I loved the energy in the room. It was clear that people wanted to get talking as soon as possible, because once they started, it was challenging to get them back into the room for the group sharing bit! (thank goodness for microphones).

I noted the main themes on the whiteboard…

And some of the take-outs:
  • It’s about being truly ‘Learner-centric’: ensure the value for the audience
  • What creates value for the learner? There are now more options to suit learner needs
  • Learner determines the meaning: connectedness is the key
  • Create hunger and intrigue; then learners will identity value for themselves
  • The language we use needs to change too
  • Next-generation elearning helps to maintain equity for those in remote locations
  • Its not the age of the people, its the age of the organisational culture that is the issue
  • The power of networks: we need to value this, use & extend it
  • Be more inclusive of IT people: involve them in strategy development, planning, etc
  • Lets drop the ‘e’ from ‘elearning’
  • It's about knowledge generation
  • The ideal learning culture is emergent, collective, with transparency

Self-directed learning came up a lot in the conversation. I like this – I think it’s evolving where there is much more choice about when and how we learn. Learning doesn’t even seem like learning; it’s just part of the flow. Our own preferences can drive the learning. We can participate and be involved. Culture change starts with us.

Did I miss anything?

Saturday, January 9, 2010

Holiday reading, how far have I got?

About a month before breaking for the end-of-year period, I started compiling my list of books to read.

This may seem counter-intuitive since I am such a fan of following clues and links of people on the web via Twitter and blogs, etc; however at this time of year I really enjoy the expanse of time created by holidays and lying around reading a hard copy paper book (purchased online of course).

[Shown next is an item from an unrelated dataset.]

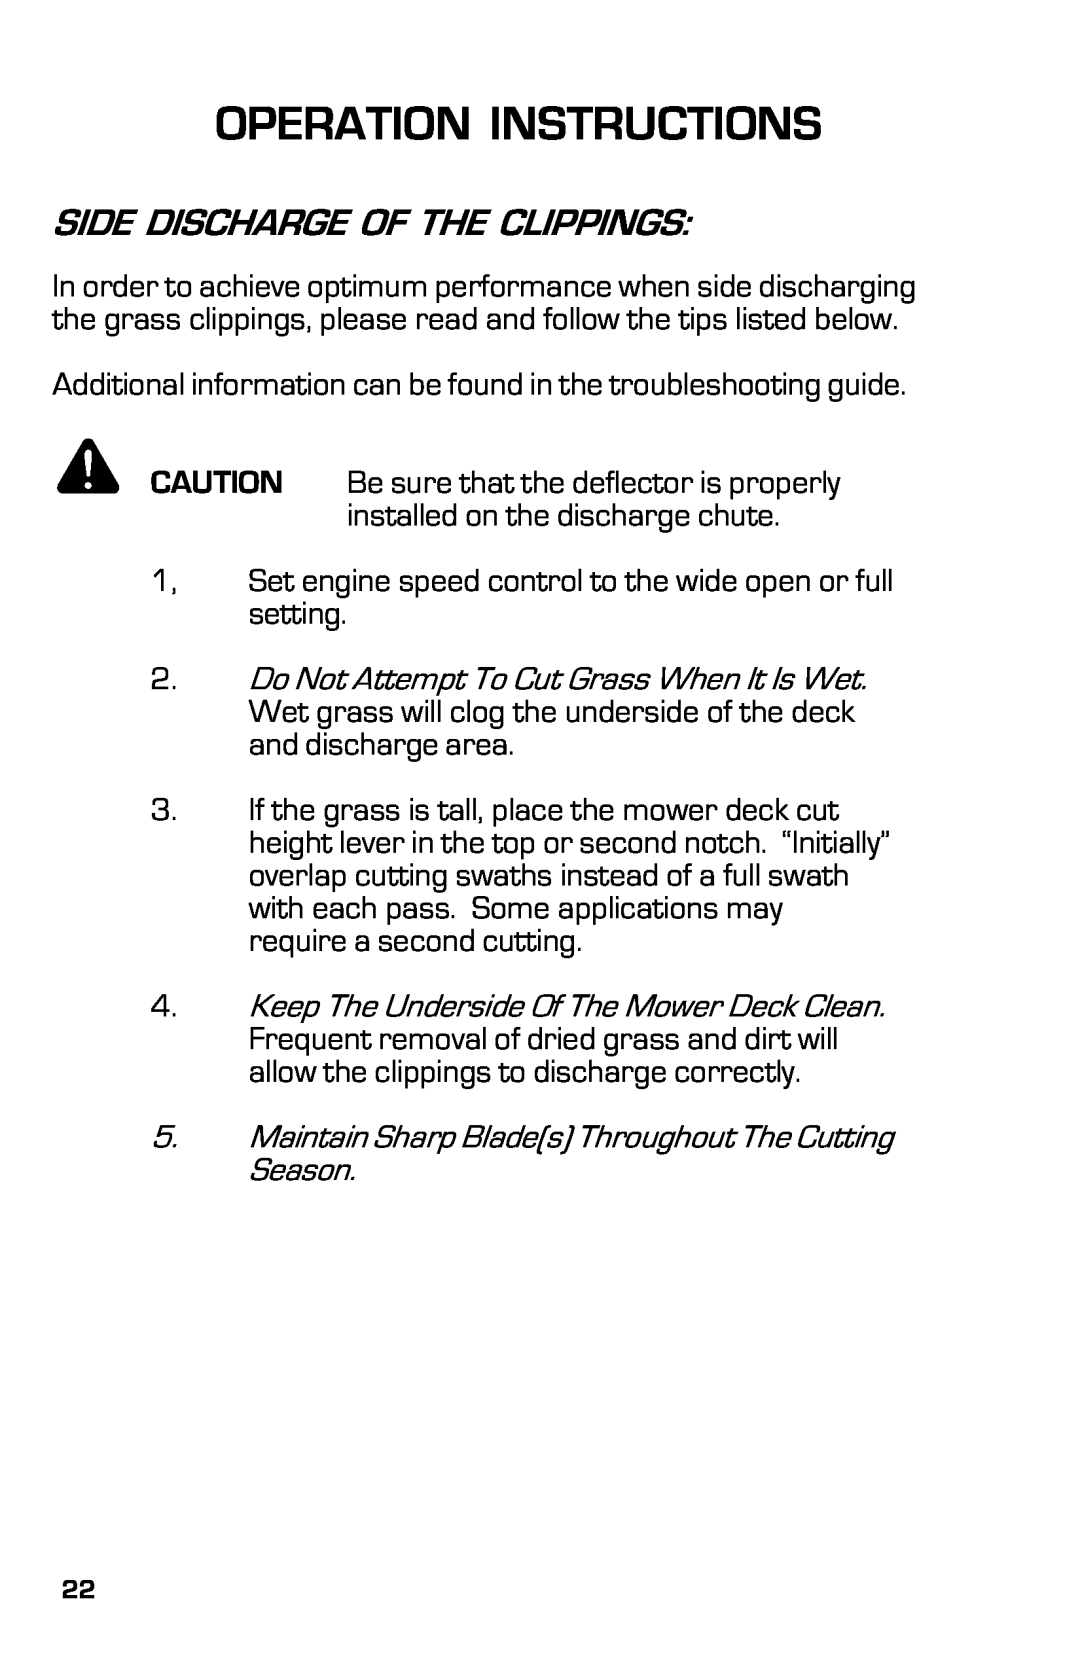 Dixon 2003, 13639-0702 manual Operation Instructions, Side Discharge Of The Clippings 
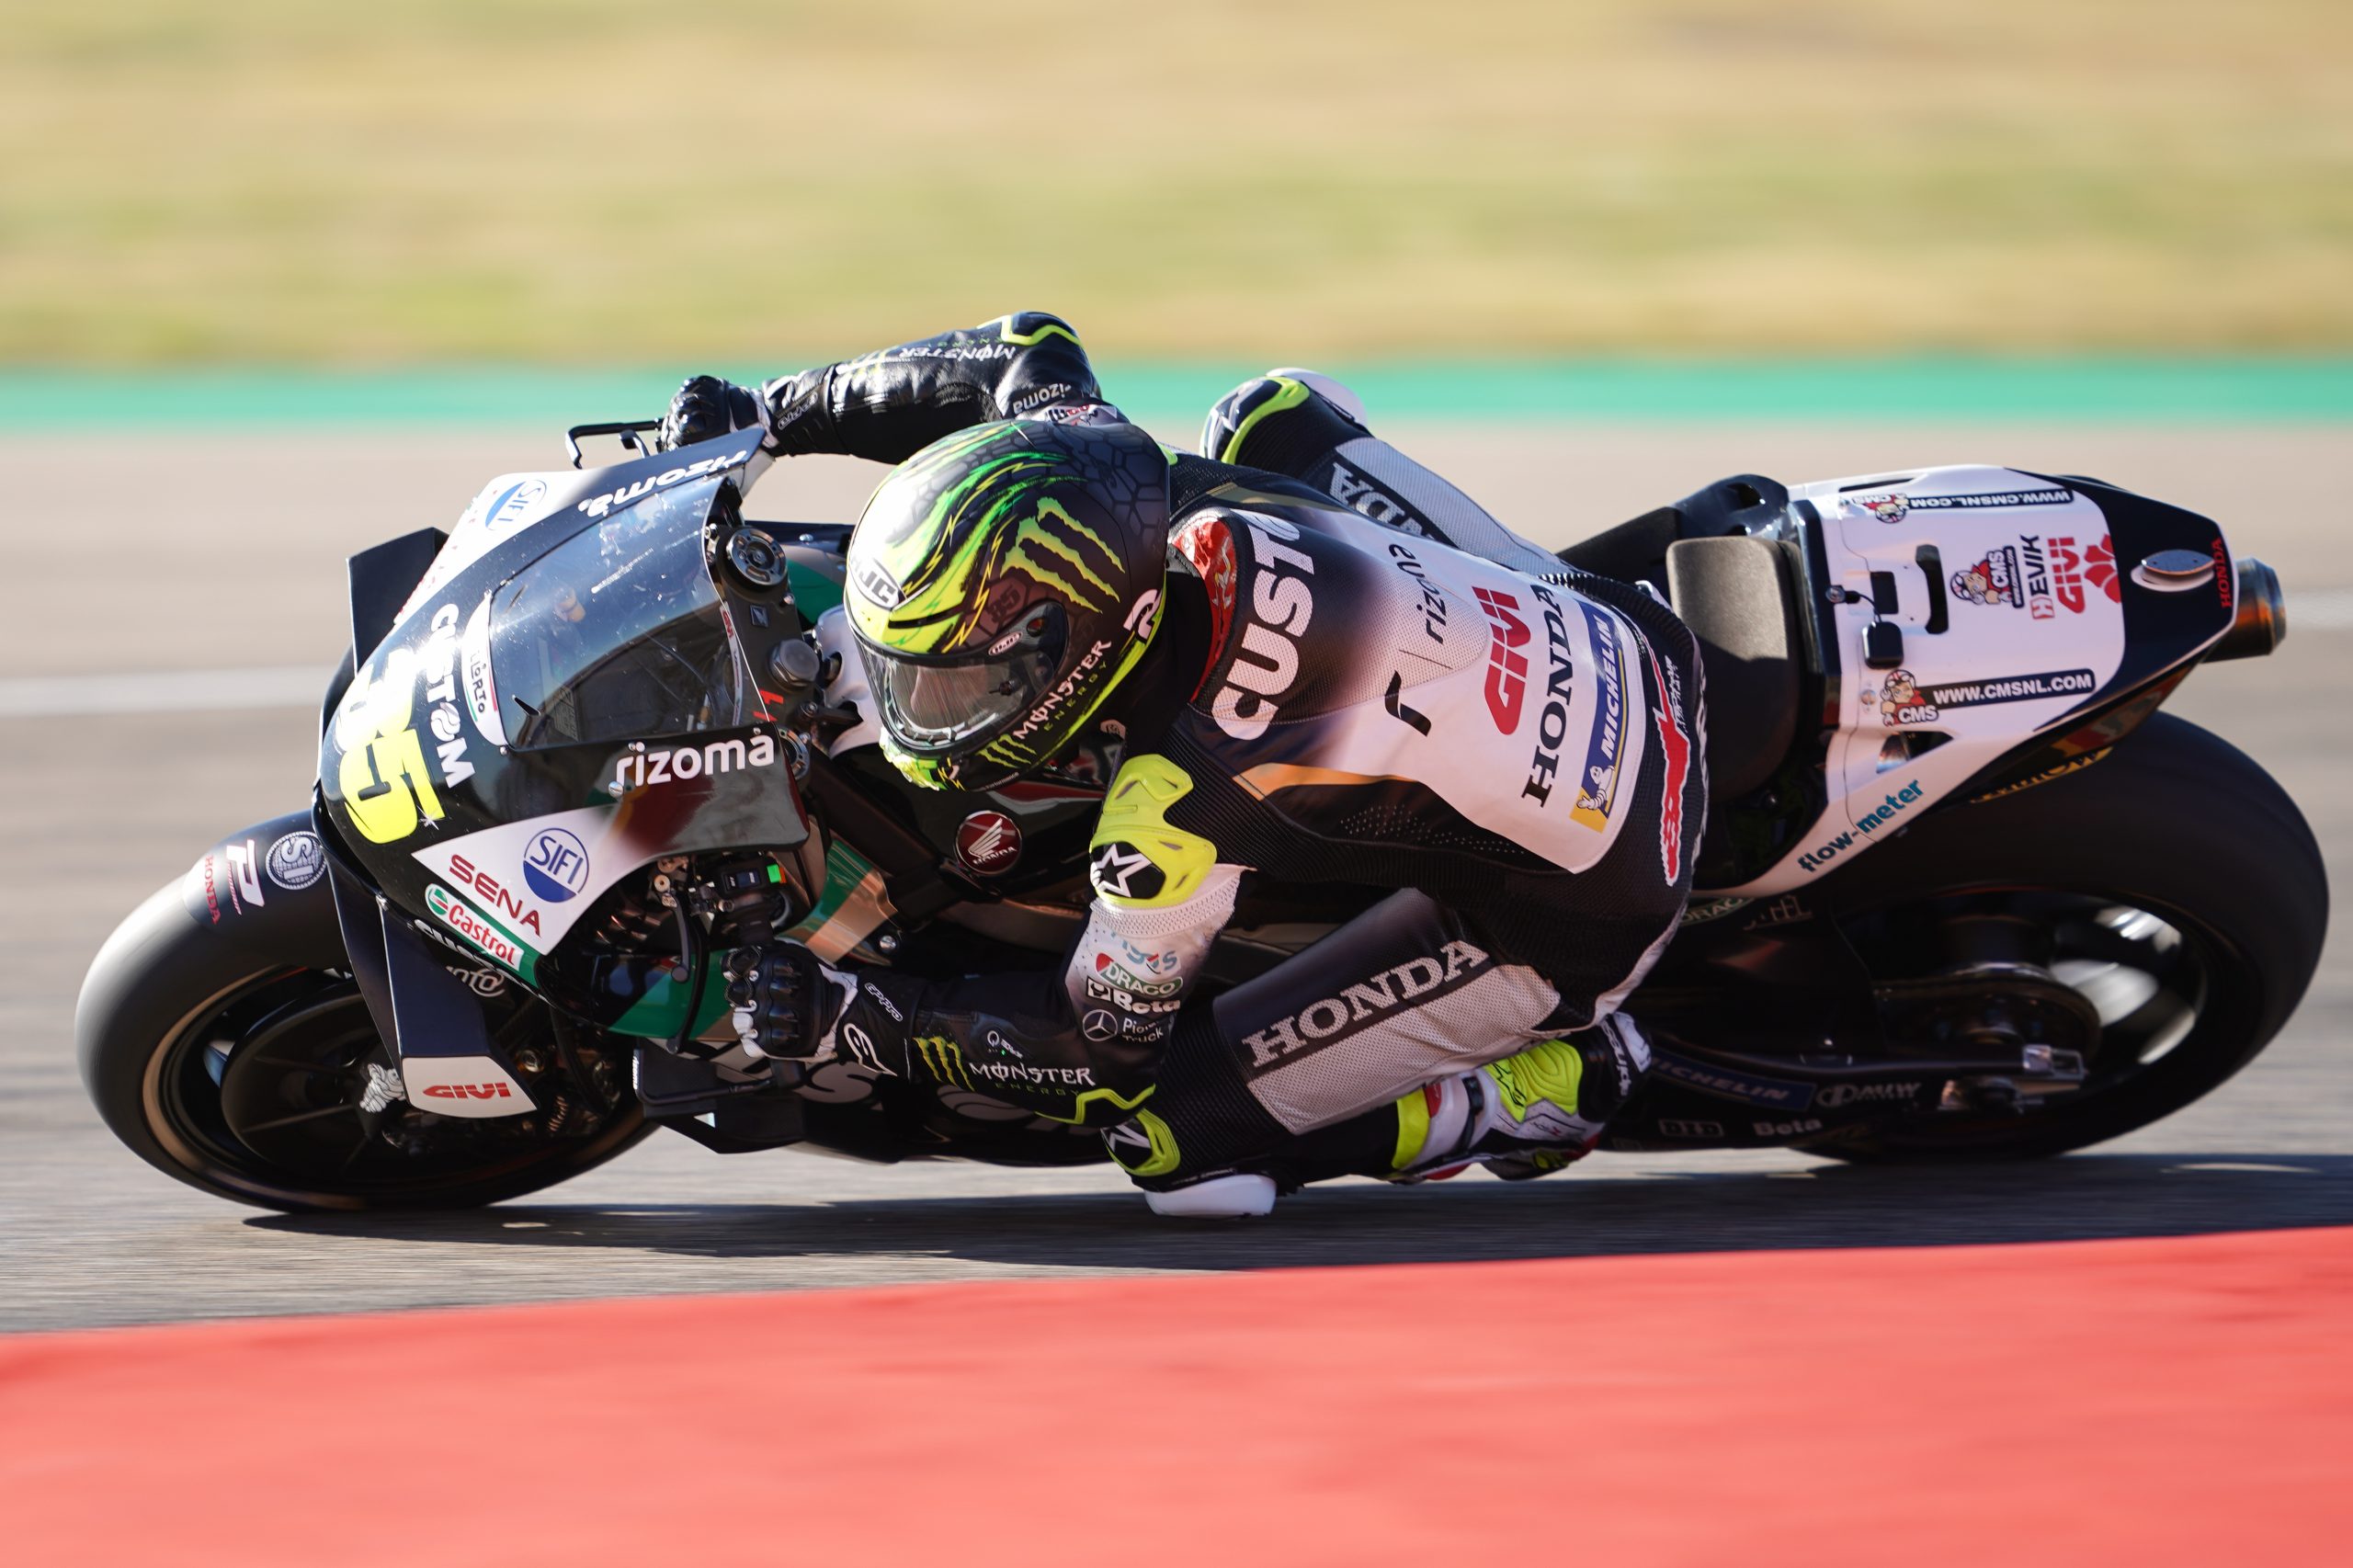 Third row for Crutchlow

So here is the list I've been reading through. Considering I've only finished one and I'm going back to work on Monday, this reading is going to extend w-a-y past my annual leave.
  • Change by Design (Tim Brown): now this is the one I have finished reading. The concepts here are familiar to me, as I believe they dovetail neatly into other types of thinking that revolve around human needs, and then meeting them in innovative ways. Even in my former career in the performing arts, the study of human motivation and actions was a fundamental part of the 'design' of a character, to then elicit a response in the audience as a result of the performance.
    I think that human-centred design is pretty much fundamental to everything, even more so in the 'knowledge age.' I found Tim Brown's approach to design thinking useful and straightforward, especially the way he explains the concepts through visuals.
  • Enterprise 2.0 (Andrew McAfee): I've just started this one. It's a great read so far, it has some great case studies and of course he's a key guru for Enterprise 2.0 and the practicalities around how it transforms organisations.
  • The Cluetrain Manifesto (Levine, Locke, Searls, Weinberger): An oldie and a goodie, prophetic, insightful and entertaining. It's been published free online for years, yet I felt the need to have a hard copy. I read it years ago and I'm looking forward to revisiting it.
  • Digital Habitats (Wenger, White, Smith): Another one I'm looking forward to. I've followed Etienne Wenger's work for years, and I participated in a few activities with Nancy White when she was in Melbourne last year. Great ideas and thinking in different ways about communities.
  • Drive (Dan Pink): Actually, this one was a late inclusion, I only discovered it last week when doing one of my regular scans, following clues for interesting material. It follows a theme I'm fascinated by, human motivation, particularly our intrinsic motivators to connect and share what we know with each other, and why we want to achieve and learn together.

So that's it for now, I have lots to occupy me and prepare me for reading and reflection into 2010!